THE DATA Start Marker

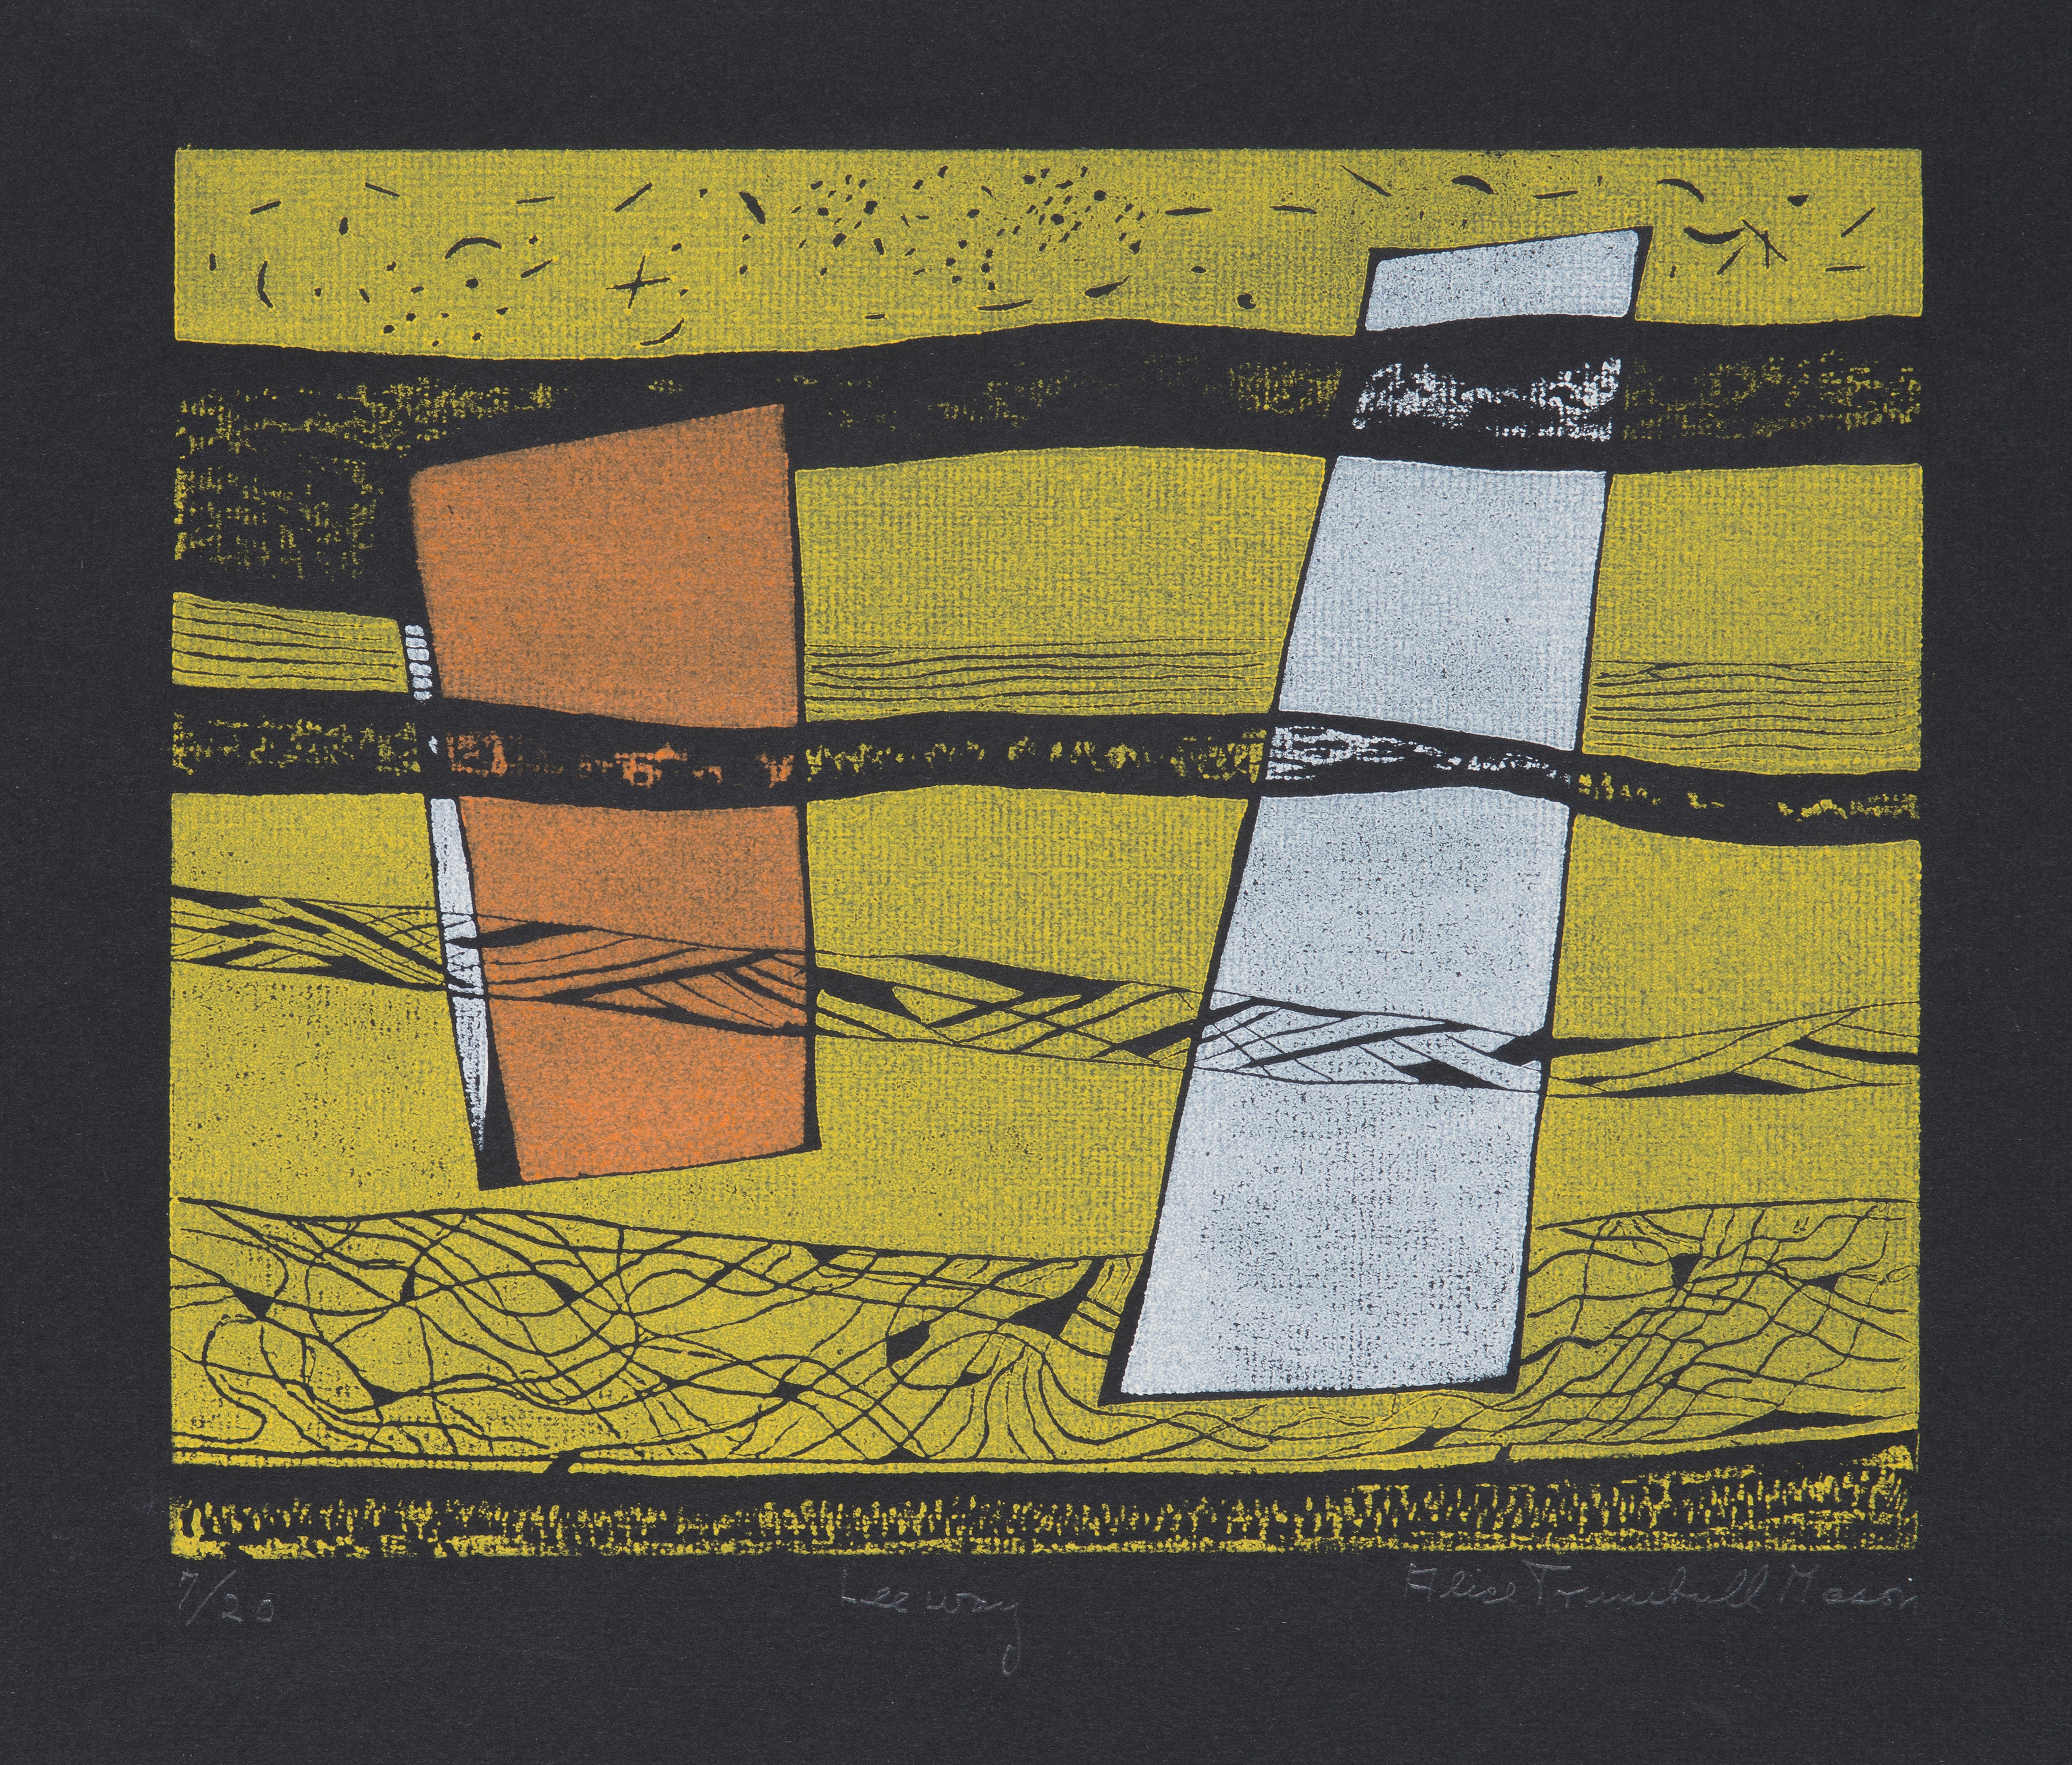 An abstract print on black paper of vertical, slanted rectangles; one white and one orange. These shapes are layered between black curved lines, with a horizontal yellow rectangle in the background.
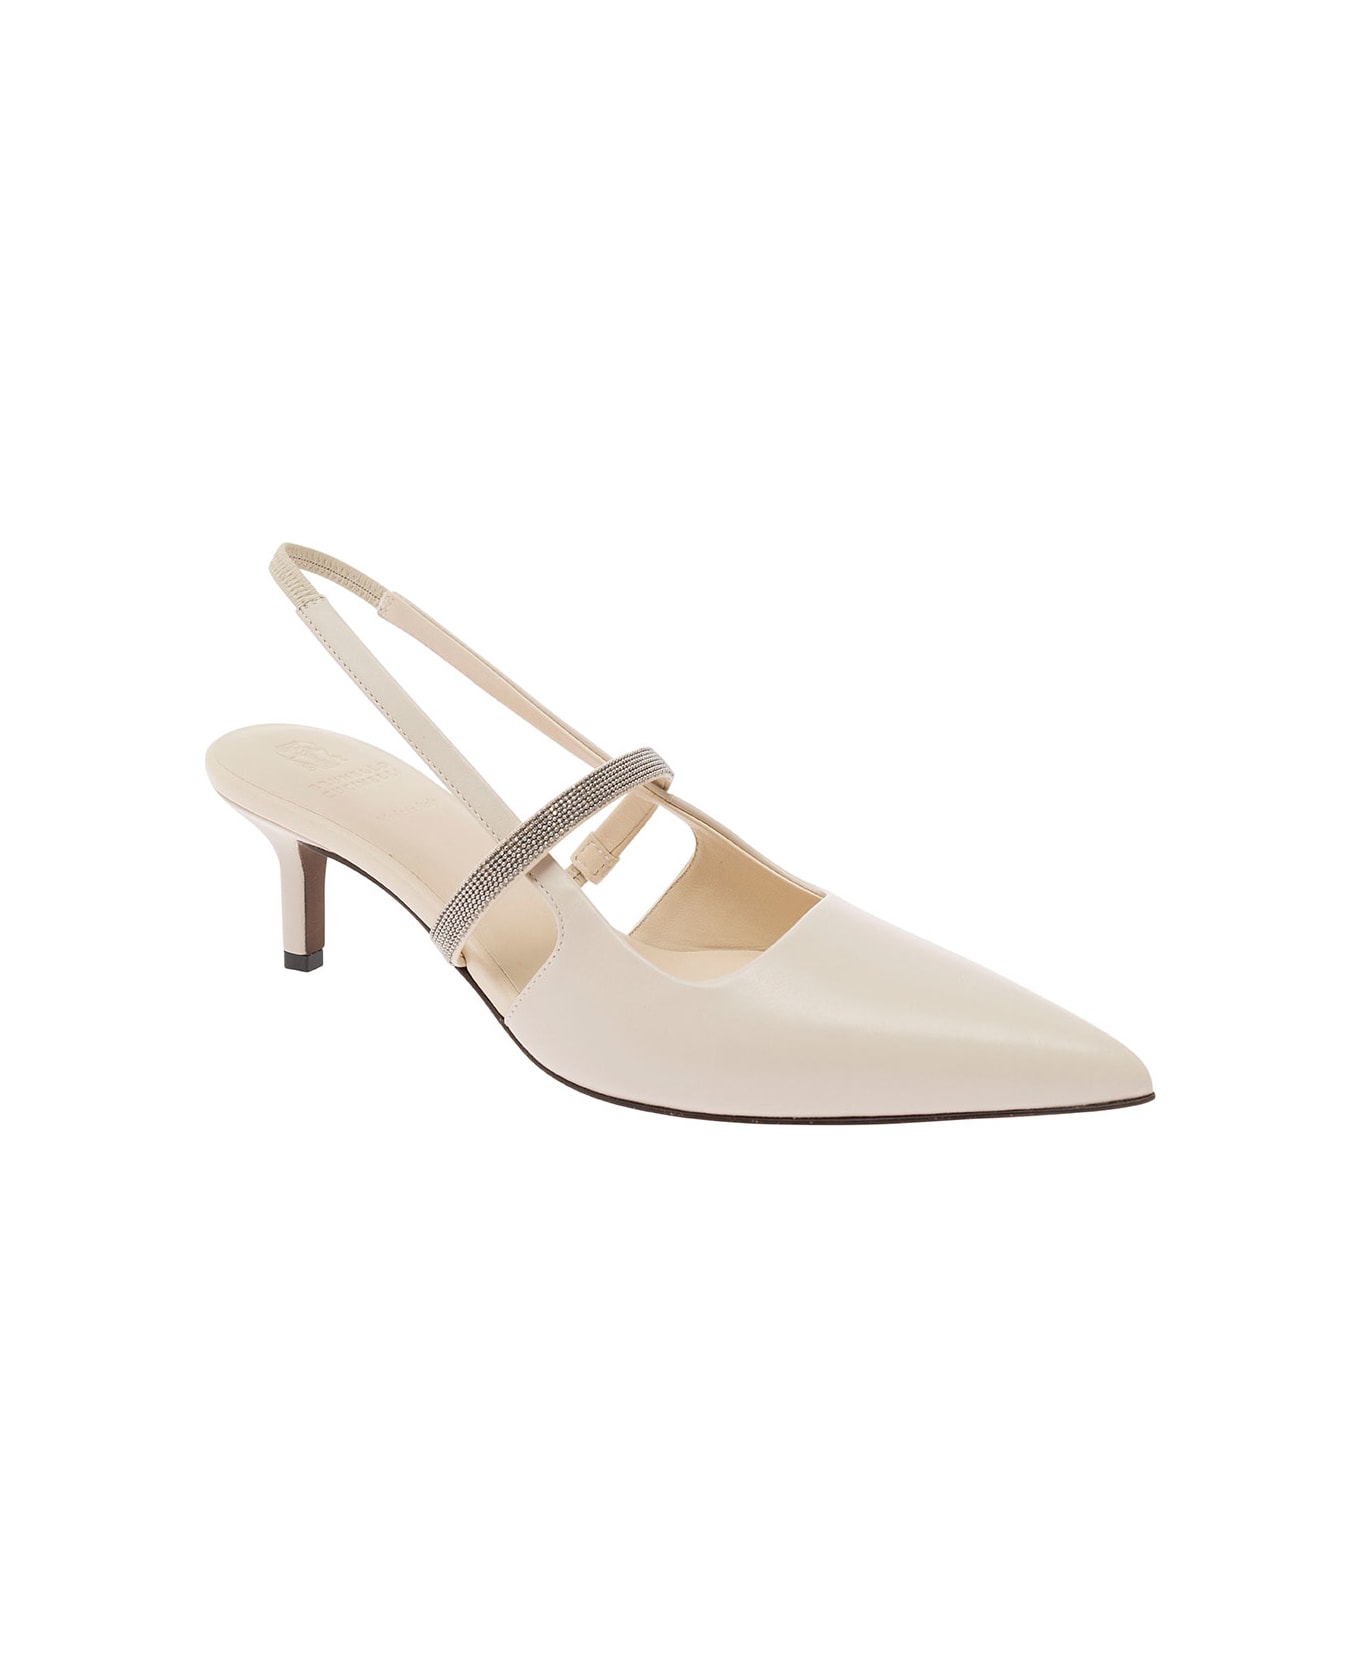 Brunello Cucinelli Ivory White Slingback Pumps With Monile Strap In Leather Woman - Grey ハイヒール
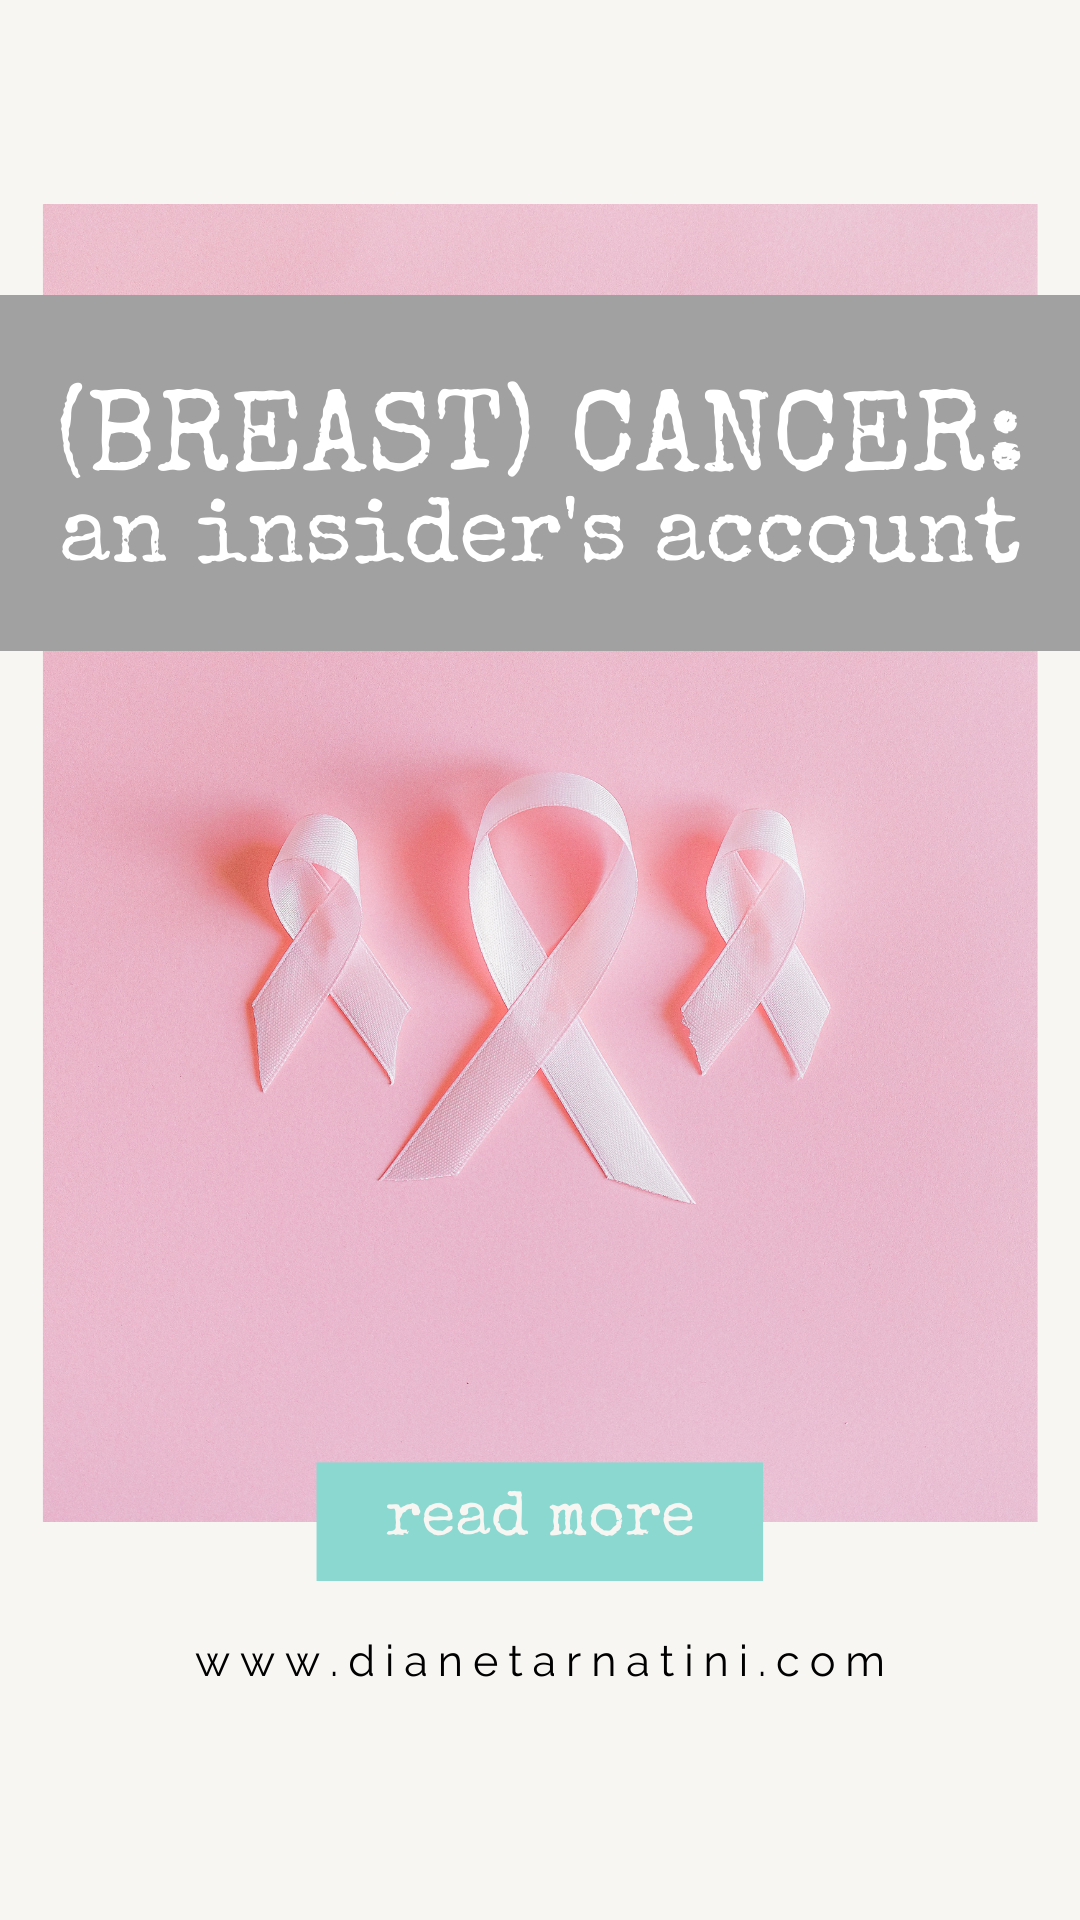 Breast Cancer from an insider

THE DATA End Marker

### WORK TO BE COMPLETED
Take the material above and set it down exactly, minus the images.

### EXERCISE RESULT
 An abstract print on black paper of vertical, slanted rectangles; one white and one orange. These shapes are layered between black curved lines, with a horizontal yellow rectangle in the background.
 Brunello Cucinelli Ivory White Slingback Pumps With Monile Strap In Leather Woman - Grey ハイヒール
 Breast Cancer from an insider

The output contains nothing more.